WHAT YOU ARE ASKED TO DO:
Retype the data below verbatim; pictures do not belong in the copy.

DATA EXTRACT:
=== Section Start ===

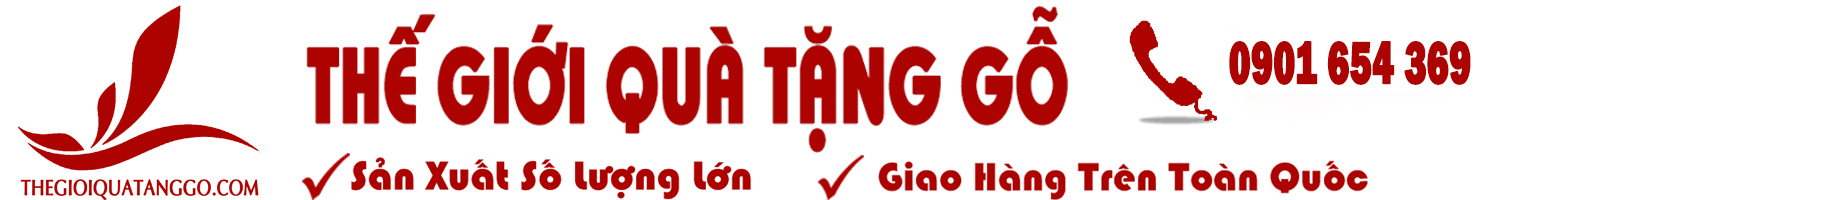 thegioiquatanggo.com
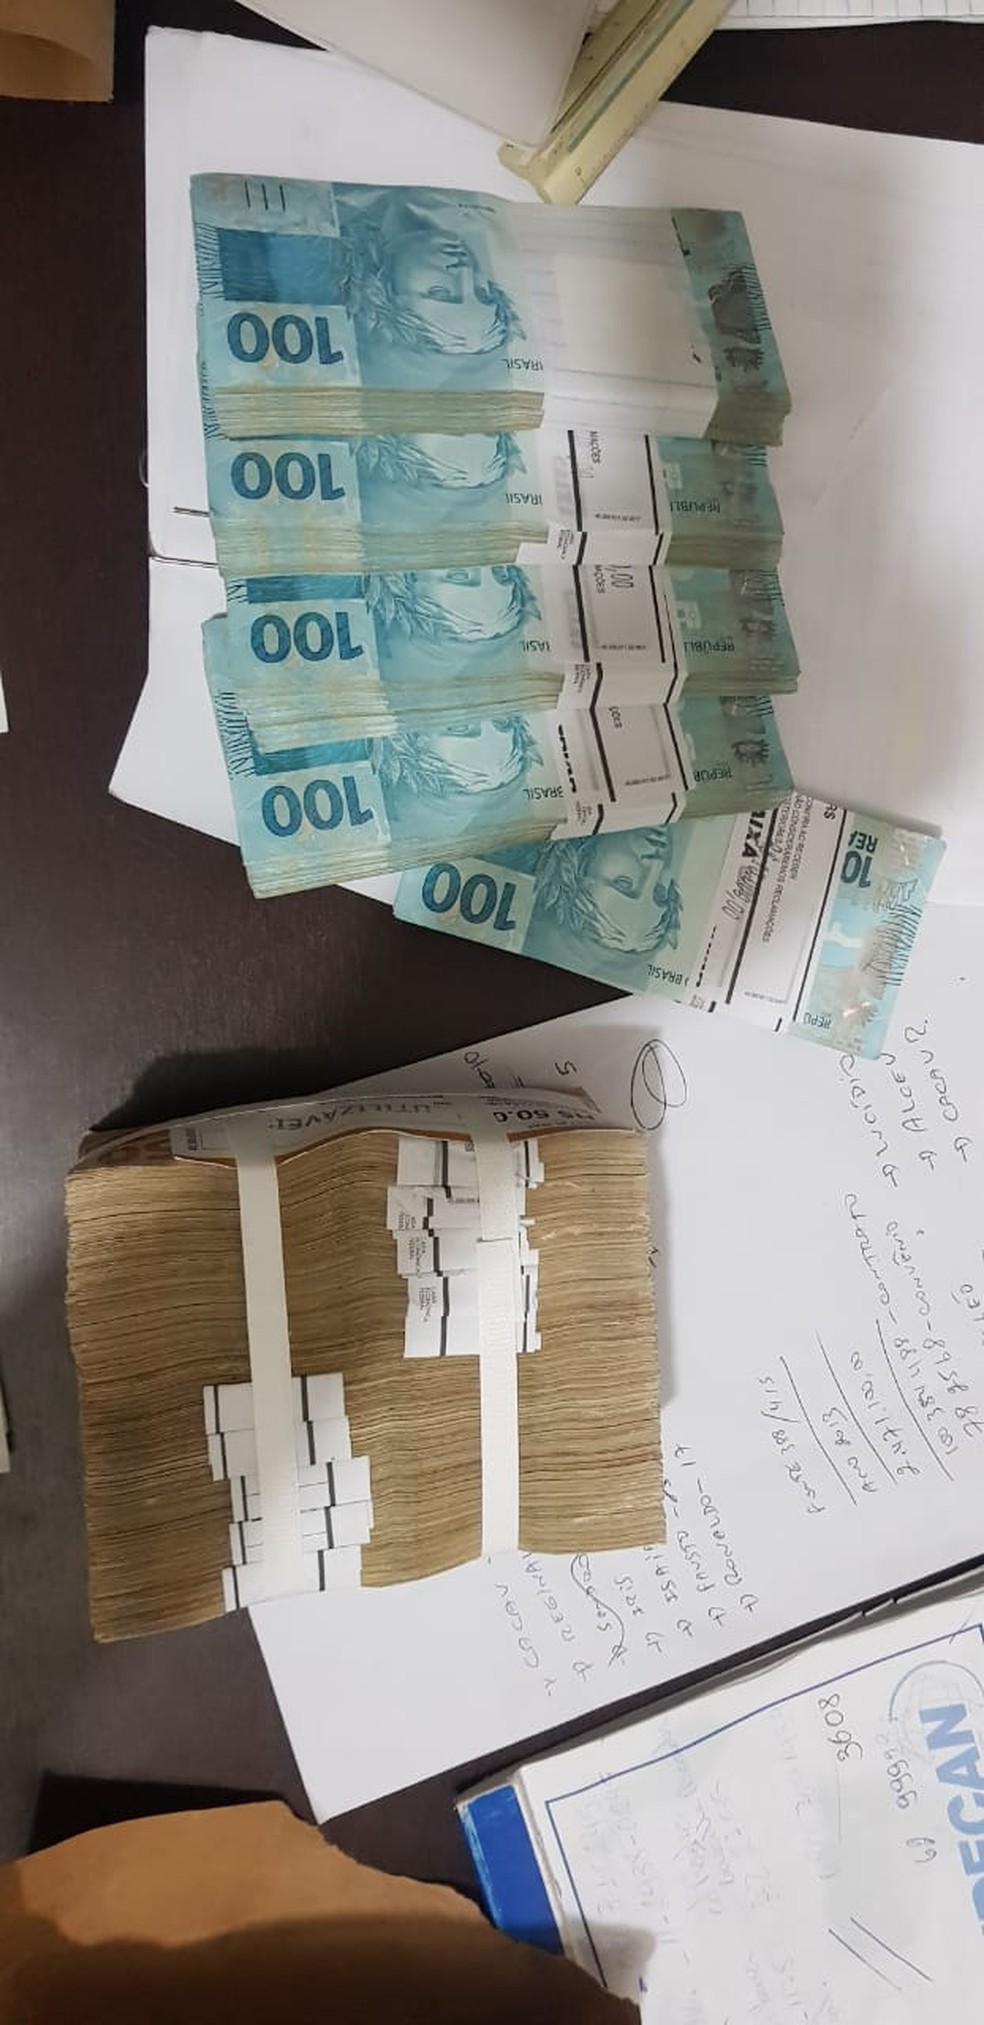 Dinheiro apreendido em casa durante operação que investiga prefeitos — Foto: PF/Divulgação
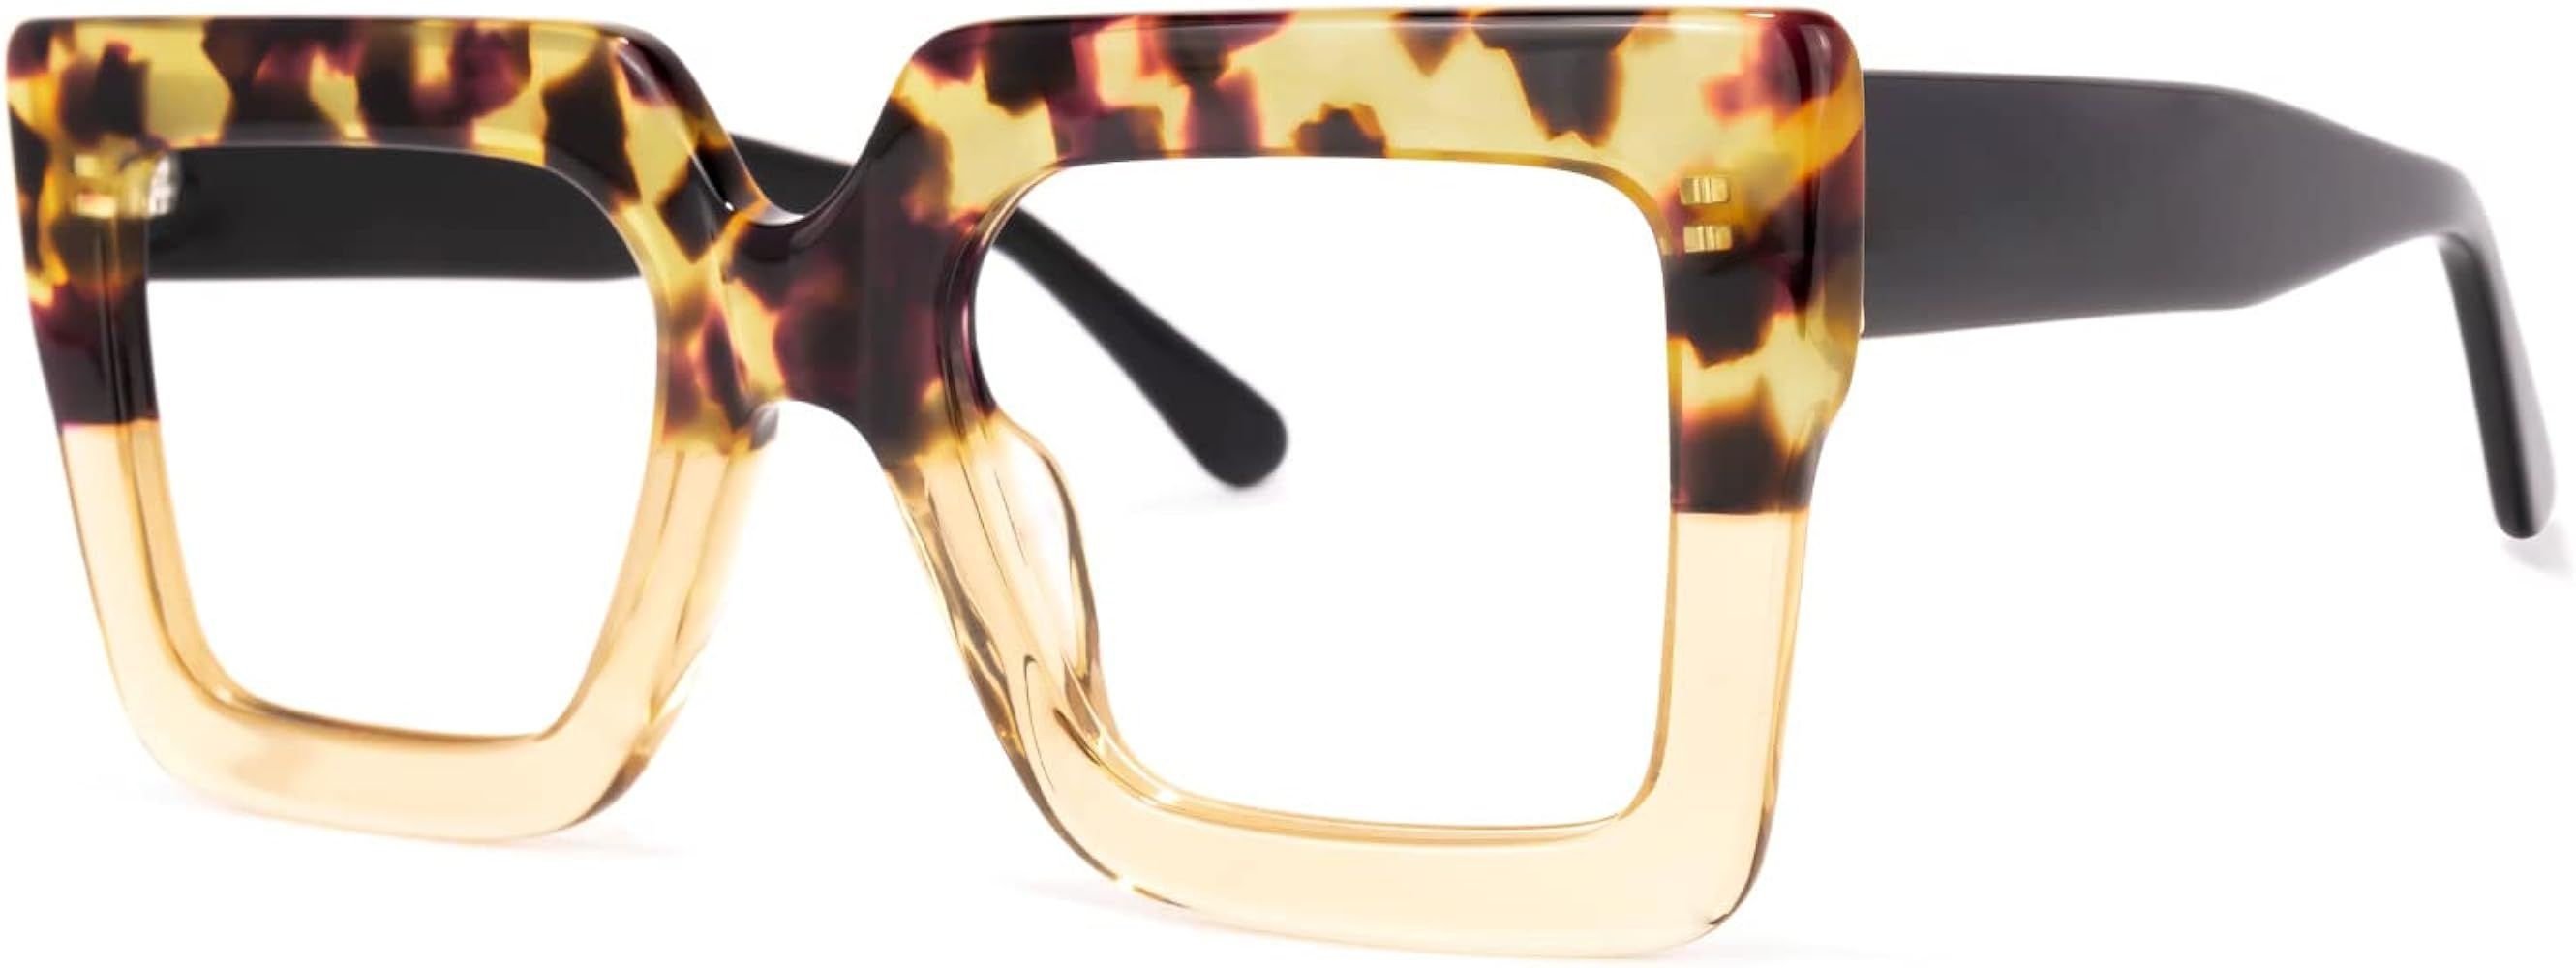 Zeelool Stylish Thick Oversized Square Blue Light Blocking Glasses for Women 100% UV400 Protection B | Amazon (US)

=== Section End ===

TASK OUTPUT:
 thegioiquatanggo.com
 Dinheiro apreendido em casa durante operação que investiga prefeitos — Foto: PF/Divulgação
 Zeelool Stylish Thick Oversized Square Blue Light Blocking Glasses for Women 100% UV400 Protection B | Amazon (US)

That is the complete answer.